The fastest template engine in the West

October 14, 2016

Lately I’ve been working on Maud, an HTML template library for Rust. One of the features that make it special is that it works at compile time. That is, your templates are compiled to plain Rust code, and type-checked and optimized with the rest of your app.

Among other benefits, this design makes the library fast. Like, really, really fast. To get an idea of how fast it is, take a look at this graph:

Graph of render times for different template engines

That’s right.

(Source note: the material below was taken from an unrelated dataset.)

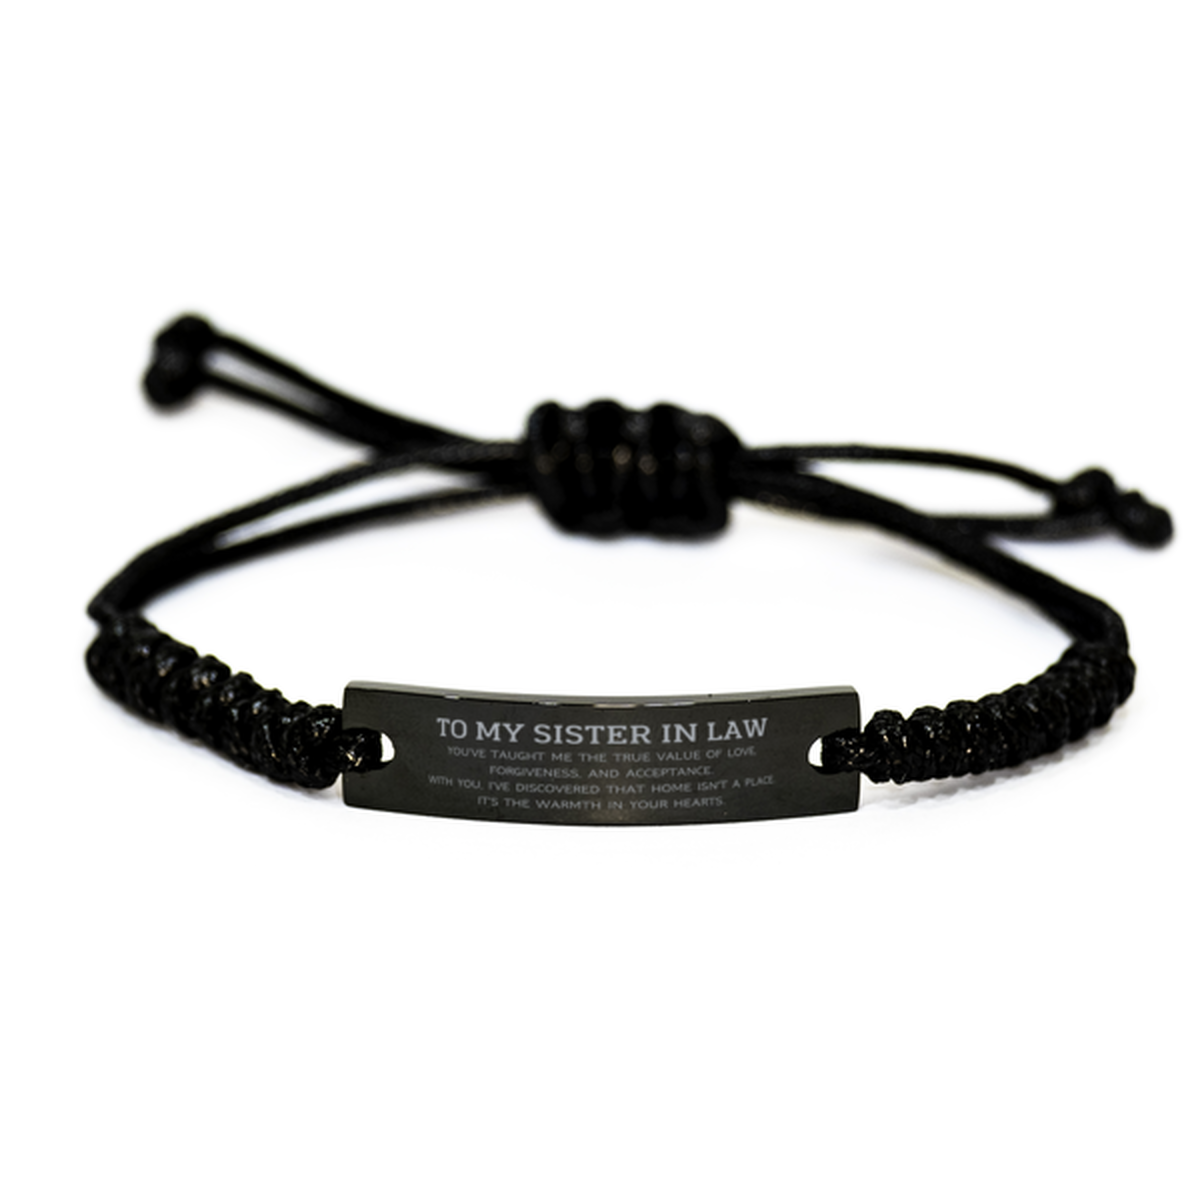 To My Sister In Law Gifts, You've taught me the true value of love, Thank You Gifts For Sister In Law, Birthday Black Rope Bracelet For Sister In Law

Maud is 69 times faster than Handlebars.¹

I know what you’re thinking:

“Wow… Lambda-san is so attractive, I feel dizzy just thinking about them.”
“Why is Maud so much faster than the other engines?”
“Nice.”

For the sake of professionalism, I will only answer the second question.

Maud is fast because it does as little work as possible at runtime. For example, the following template:

html! {
    p { "Hi, " (name) "!" }
}

expands to this Rust code:

{
    // Allocate a `String` to hold the resulting markup
    let mut __maud_writer = ::std::string::String::with_capacity(25usize);
    __maud_writer.push_str("<p>Hi, ");
    {
        // Append the value of `name` to the result, while escaping any
        // HTML special characters (e.g. `<` → `&lt;`)
        use ::maud::RenderOnce;
        name.render_once(&mut __maud_writer)
    };
    __maud_writer.push_str("!</p>");
    // Mark the result as valid HTML, so we don't escape it again
    ::maud::PreEscaped(__maud_writer)
}

In other words, the resulting code does little more than building a string.

Compare this to other—more dynamic—template engines, which may encode the input data as JSON, or look up the name of the template in a global registry, or do a variety of other things. These engines are effectively language interpreters, with all the pros and cons of working that way. And as the benchmark above shows, one of these cons is reduced performance.

That’s not to say that these dynamic approaches aren’t useful. Speed isn’t the only factor in choosing a template engine; and to be fair, when an average request takes hundreds of milliseconds already, a microsecond difference doesn’t matter that much. Other engines also let you edit a template without re-compiling the app, and their syntax can feel more familiar to users of other languages.

What I do want to show, then, is how design decisions that seem minor at first can have a big impact down the road. I’ve added a bunch of optimizations over the years (some of them stolen from Horrorshow), but none of them have affected performance that much. The largest difference is in static vs dynamic; the rest is details.

The benchmark code can be found on GitHub. ↩